Holmes has also been a fellow in the Division of Medical Humanities at the University of Rochester (2004), an intern and resident in the Physician Scientist Pathway in the Department of Medicine at the Hospital of the University of Pennsylvania (2007–2009), a tutor in the Department of Global Health and Social Medicine at Harvard Medical School (2009), a Robert Wood Johnson Foundation Health & Society Scholar at Columbia University (2009 to 2011), and a fellow in the International Research Center Work and the Lifecourse in Global Historical Perspective at Humboldt University in Berlin (2015–2016). He received the 2015 Margaret Mead Award from the American Anthropological Association and the Society for Applied Anthropology for “broadening the impact of anthropology”.

==Education==
Holmes holds a Ph.D. in Medical Anthropology at UC Berkeley and UC San Francisco, a M.D. at the School of Medicine, UC San Francisco, and a B.S. in Ecology and Spanish / Latin American Studies at the University of Washington. Holmes also completed his Robert Wood Johnson Health & Society Scholars Program at Columbia University.

==Publications==
Holmes' book Fresh Fruit, Broken Bodies: Migrant Farmworkers in the United States was published in 2013 by the University of California Press in the California Series in Public Anthropology. A second edition of the book was published in 2023 with an epilogue co-authored by Jorge Ramirez-Lopez, focused on the social and health movements engaged in by protagonists in the book. The book is based on 18 months full-time multi-sited ethnographic research within a transnational migrant agricultural circuit linking villages in the mountains of Oaxaca, Mexico, to agricultural areas of Central California, Oregon, and Washington state. The book won the 2013 Society for the Anthropology of Work Book Award, the 2013 New Millennium Book Award from the Society for Medical Anthropology, the 2014 Association for Humanist Sociology Book Award, and the 2015 James M. Blaut Award from the Cultural and Political Ecology Specialty Group of the Association of American Geographers. The book utilizes first-hand ethnographic field notes and transcripts from interviews, alongside anthropological theory to analyze the effects of economic and border enforcement policies on indigenous people from Southern Mexico, the effects of ethnicity and citizenship hierarchies on health, the interactions and misunderstandings between Mexican migrant patients and their physicians, as well as the ways in which social and health inequalities come to be taken for granted as well as sometimes confronted and challenged.

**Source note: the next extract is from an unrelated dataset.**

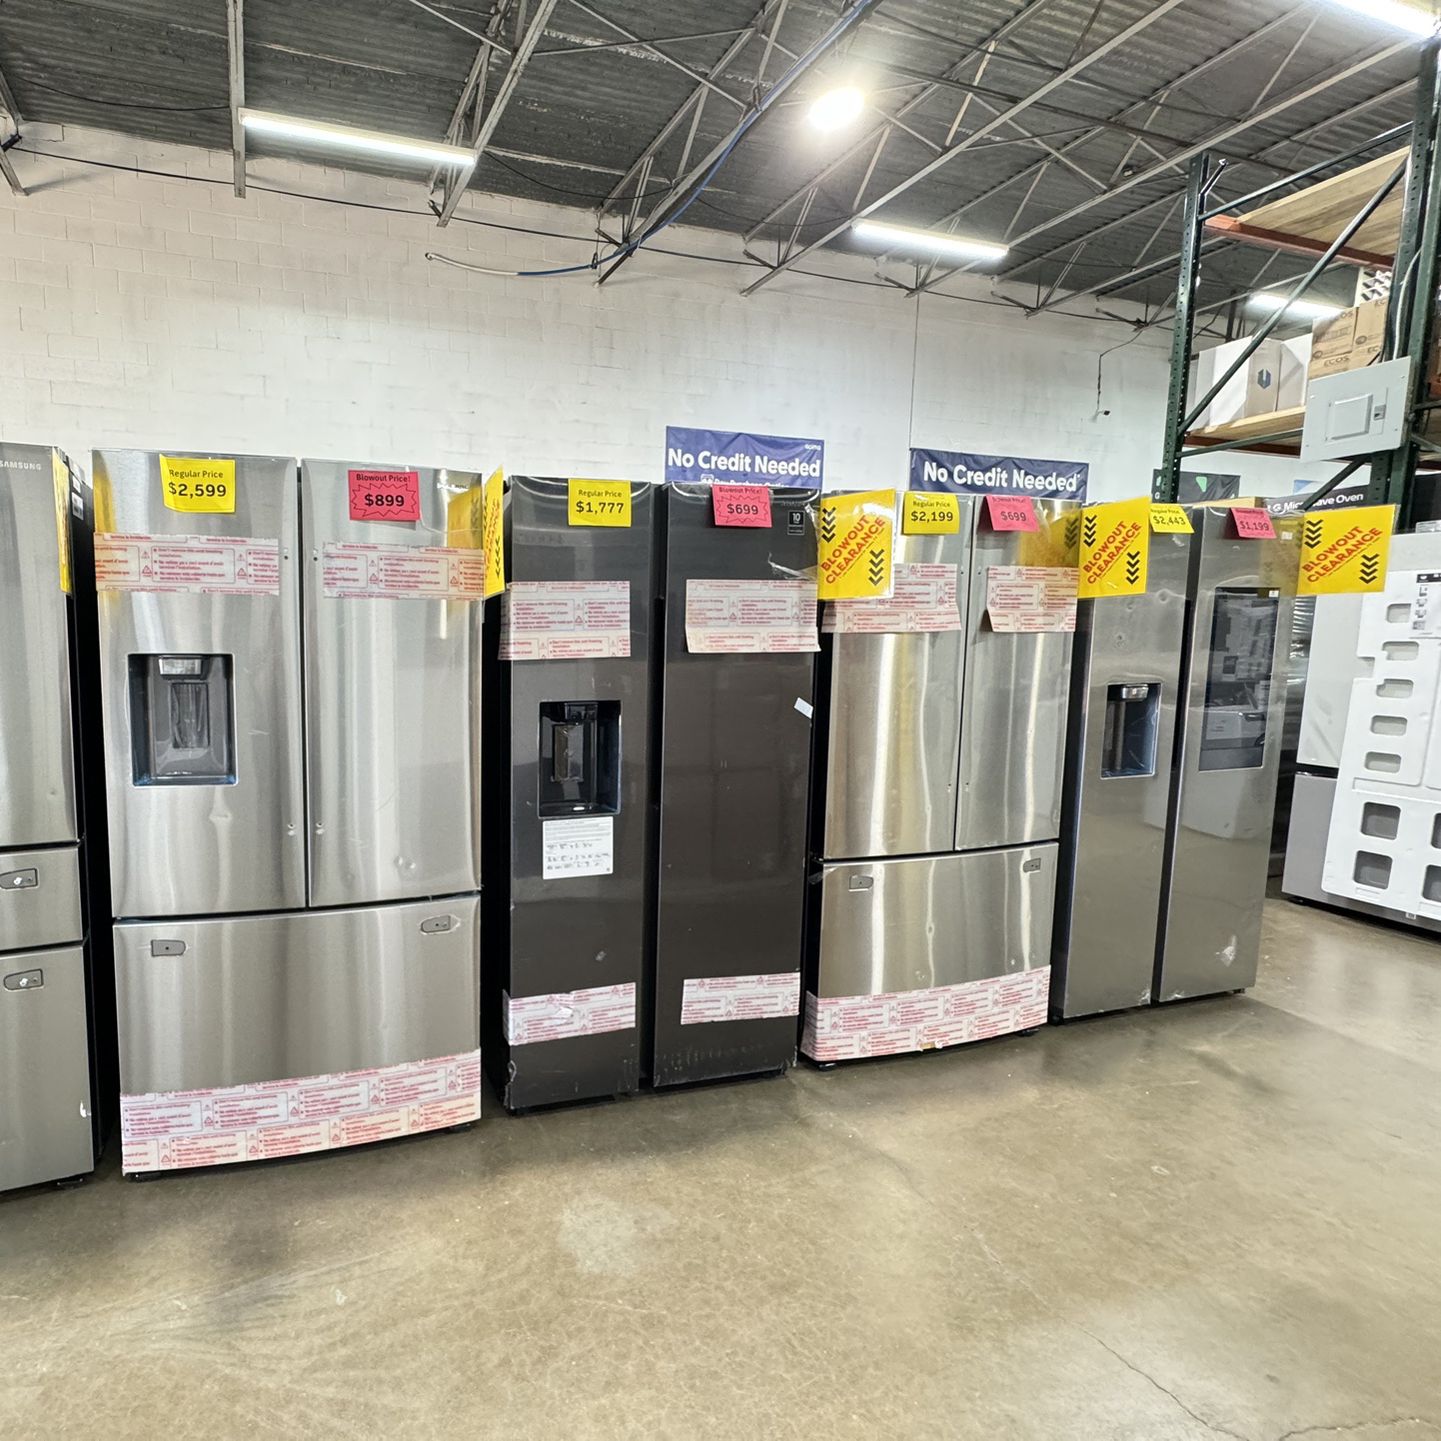 LIQUIDATION on Smart Refrigerators!Starting At $699
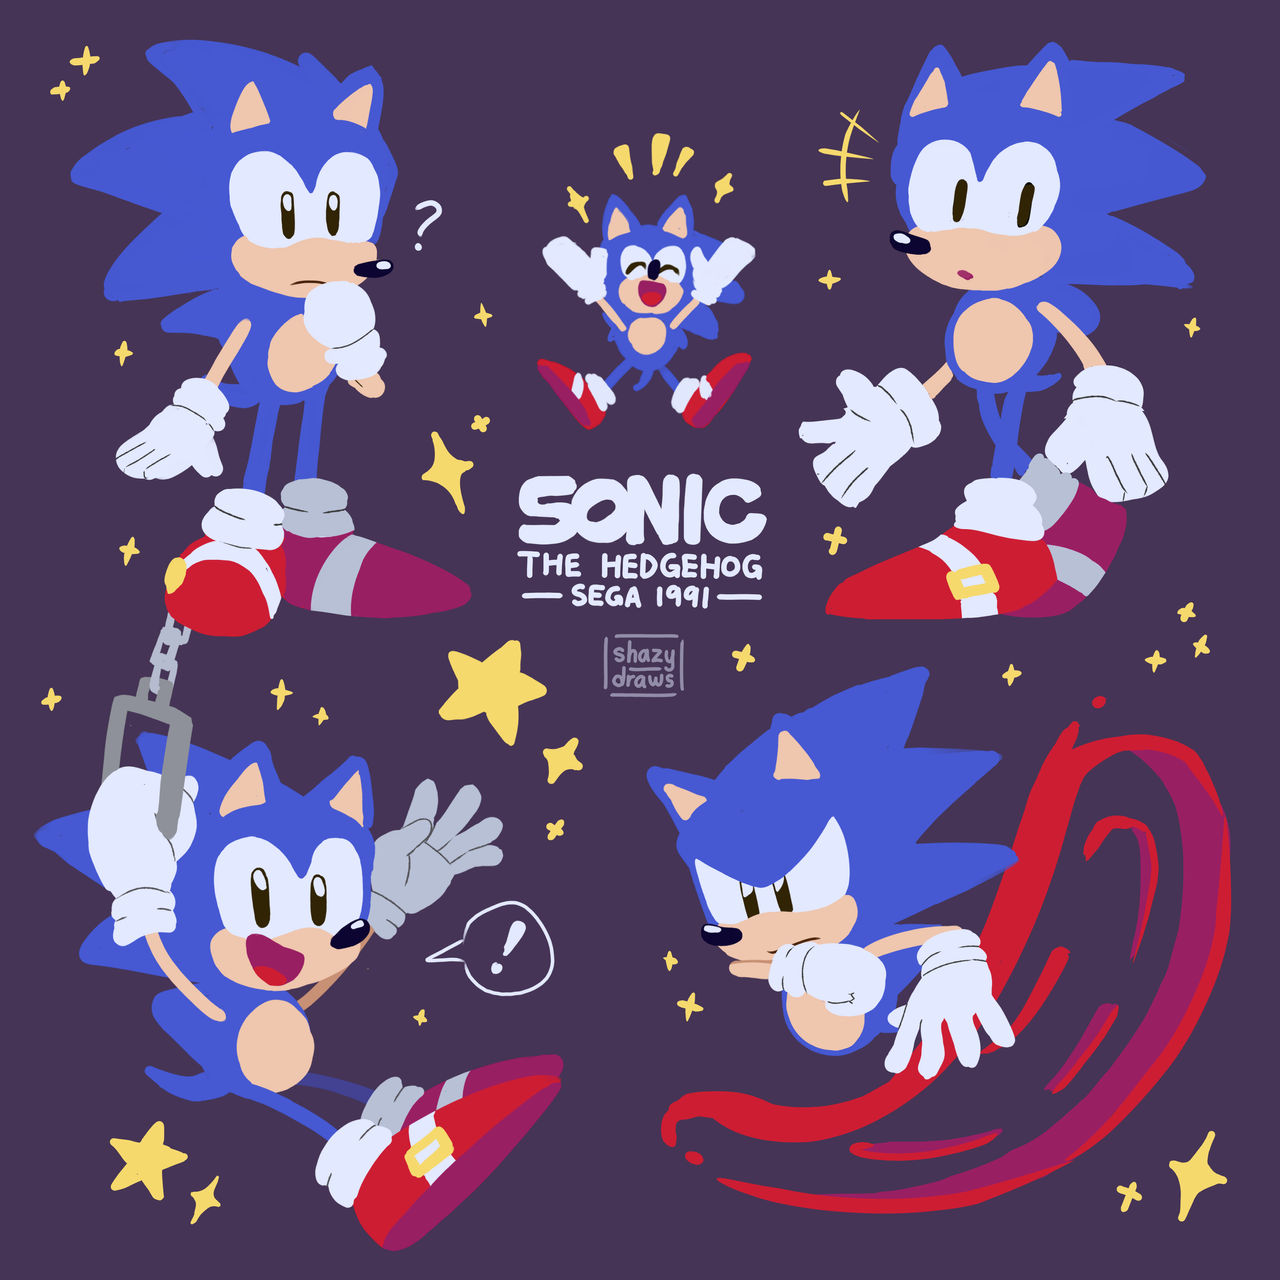 Sonic the Hedgehog 1 (1991): OST Album Art by Danhanado on DeviantArt

He has also conducted research on medical education and the ways in which medical trainees learn to manage uncertainty and perform clinical competence, which led to the publication of the special issue of Culture, Medicine and Psychiatry “Anthropologies of Contemporary Clinical Training”, co-edited with Angela Jenks and Scott Stonington. Along with many others at the intersection of the social sciences and medicine, he has worked on other broad topics leading to the publication of a special issue of PLoS Medicine “Social Medicine in the Twenty-First Century” (2006), co-edited with Scott Stonington, and the publication of the special issue of Social Science and Medicine “Ethnography of Health for Social Change”, co-edited with Helena Hansen and Danielle Lindemann.

In response to the European refugee crisis, he co-edited a curated issue of American Ethnologist “Refugees and Immigrants: Mobilities, In/exclusions, and Activisms” with Heide Castaneda, Daniel Monterescu, and Anastiina Kallius. He co-edited with Scott Stonington, Helena Hansen, Jeremy Greene, Michelle Morse, Angela Jenks, Paul Farmer, and Sir Michael Marmot the New England Journal of Medicine "Case Studies in Social Medicine", bringing together clinical cases with social science concepts. Holmes has published articles in anthropology, public health, medical, and immigration studies journals, one of which received the 2006 Rudolf Virchow Award from the Society for Medical Anthropology. In addition, he has written for The Huffington Post, Access Denied, Salon.com and been interviewed by multiple newspapers, journals as well as NPR, PRI, Pacifica Radio and Radio Bilingue shows.